> Task to carry out: For every line in the records below that holds "White", make a copy.

> Stored data:

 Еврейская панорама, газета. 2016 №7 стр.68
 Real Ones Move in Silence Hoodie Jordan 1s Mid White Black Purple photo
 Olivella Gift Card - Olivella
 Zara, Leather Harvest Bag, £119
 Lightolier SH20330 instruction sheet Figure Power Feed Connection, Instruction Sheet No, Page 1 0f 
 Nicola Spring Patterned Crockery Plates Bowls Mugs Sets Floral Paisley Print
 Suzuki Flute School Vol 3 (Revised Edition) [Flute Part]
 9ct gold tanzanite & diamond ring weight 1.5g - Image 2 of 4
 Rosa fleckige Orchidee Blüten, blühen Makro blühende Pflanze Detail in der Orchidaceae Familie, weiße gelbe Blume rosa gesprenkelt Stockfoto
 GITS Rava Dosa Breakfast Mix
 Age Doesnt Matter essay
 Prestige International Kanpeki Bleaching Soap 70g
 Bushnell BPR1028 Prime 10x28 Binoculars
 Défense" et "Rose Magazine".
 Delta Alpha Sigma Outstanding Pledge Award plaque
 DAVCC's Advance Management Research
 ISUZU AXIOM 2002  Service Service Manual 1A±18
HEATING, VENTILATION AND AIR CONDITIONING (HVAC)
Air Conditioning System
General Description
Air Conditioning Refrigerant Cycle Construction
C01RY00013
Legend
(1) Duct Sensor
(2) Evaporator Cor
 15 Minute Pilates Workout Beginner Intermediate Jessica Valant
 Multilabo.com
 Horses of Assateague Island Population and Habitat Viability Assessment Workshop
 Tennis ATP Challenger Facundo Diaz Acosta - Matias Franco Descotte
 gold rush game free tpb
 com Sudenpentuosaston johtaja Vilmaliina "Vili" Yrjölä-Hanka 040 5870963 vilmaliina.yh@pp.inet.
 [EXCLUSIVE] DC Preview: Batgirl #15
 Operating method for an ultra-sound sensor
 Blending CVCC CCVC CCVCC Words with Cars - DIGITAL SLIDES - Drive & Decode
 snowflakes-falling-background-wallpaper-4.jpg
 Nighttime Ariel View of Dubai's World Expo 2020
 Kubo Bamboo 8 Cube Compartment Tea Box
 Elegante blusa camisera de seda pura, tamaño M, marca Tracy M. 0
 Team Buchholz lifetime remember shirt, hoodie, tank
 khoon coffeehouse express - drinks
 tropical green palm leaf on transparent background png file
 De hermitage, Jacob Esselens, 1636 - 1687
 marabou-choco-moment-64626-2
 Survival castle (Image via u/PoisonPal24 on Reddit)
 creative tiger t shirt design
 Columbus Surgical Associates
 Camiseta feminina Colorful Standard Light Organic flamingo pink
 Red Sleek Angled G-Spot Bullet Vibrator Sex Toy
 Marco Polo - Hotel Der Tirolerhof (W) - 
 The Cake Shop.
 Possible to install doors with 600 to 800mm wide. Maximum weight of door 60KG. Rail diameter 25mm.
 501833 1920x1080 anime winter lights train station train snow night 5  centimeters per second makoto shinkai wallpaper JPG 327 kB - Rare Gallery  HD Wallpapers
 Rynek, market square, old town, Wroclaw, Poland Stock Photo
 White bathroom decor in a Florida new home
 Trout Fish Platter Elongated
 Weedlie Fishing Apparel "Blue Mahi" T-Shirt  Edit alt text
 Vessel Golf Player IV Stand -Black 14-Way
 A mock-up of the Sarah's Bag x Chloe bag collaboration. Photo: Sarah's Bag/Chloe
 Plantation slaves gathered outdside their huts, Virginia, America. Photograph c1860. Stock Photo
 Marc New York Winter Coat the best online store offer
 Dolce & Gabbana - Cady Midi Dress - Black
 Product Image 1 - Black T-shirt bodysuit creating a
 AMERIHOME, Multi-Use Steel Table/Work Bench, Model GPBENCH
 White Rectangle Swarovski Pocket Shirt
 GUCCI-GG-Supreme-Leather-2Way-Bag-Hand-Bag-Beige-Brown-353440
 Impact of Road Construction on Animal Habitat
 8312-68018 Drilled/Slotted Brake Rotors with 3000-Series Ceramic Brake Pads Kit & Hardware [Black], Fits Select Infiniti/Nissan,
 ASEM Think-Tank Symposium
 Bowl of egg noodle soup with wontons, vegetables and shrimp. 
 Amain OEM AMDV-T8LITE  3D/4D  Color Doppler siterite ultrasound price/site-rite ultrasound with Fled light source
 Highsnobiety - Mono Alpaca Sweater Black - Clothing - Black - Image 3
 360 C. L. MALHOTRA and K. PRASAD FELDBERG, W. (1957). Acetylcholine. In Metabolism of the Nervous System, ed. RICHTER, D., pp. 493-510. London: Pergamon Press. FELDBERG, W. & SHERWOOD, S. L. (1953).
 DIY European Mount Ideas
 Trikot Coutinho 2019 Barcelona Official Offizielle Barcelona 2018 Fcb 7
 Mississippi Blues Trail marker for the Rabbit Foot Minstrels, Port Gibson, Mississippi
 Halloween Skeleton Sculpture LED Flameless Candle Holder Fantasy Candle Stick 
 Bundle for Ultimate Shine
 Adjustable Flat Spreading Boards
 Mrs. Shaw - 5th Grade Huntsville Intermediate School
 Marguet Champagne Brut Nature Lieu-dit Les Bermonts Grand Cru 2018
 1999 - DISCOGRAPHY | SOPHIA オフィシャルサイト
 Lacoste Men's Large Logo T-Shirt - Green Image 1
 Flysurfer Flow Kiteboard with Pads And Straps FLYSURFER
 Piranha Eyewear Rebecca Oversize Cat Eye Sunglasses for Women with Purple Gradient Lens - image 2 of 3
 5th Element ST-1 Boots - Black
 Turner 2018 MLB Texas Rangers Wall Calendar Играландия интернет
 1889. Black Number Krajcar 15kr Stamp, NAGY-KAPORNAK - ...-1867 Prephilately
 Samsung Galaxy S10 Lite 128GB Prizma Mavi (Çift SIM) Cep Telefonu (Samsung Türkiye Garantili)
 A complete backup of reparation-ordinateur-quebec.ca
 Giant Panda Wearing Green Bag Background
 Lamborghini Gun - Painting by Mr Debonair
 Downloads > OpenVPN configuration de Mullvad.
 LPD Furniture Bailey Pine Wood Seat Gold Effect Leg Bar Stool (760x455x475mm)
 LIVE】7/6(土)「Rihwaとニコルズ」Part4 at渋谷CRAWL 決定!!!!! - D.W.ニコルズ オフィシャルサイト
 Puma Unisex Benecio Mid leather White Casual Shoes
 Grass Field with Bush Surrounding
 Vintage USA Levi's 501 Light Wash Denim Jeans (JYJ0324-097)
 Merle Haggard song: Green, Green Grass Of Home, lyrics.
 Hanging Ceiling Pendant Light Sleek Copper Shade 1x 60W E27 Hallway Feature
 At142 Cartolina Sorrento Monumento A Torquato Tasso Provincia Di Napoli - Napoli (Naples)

> Exercise response:
 Real Ones Move in Silence Hoodie Jordan 1s Mid White Black Purple photo
 White bathroom decor in a Florida new home
 White Rectangle Swarovski Pocket Shirt
 Puma Unisex Benecio Mid leather White Casual Shoes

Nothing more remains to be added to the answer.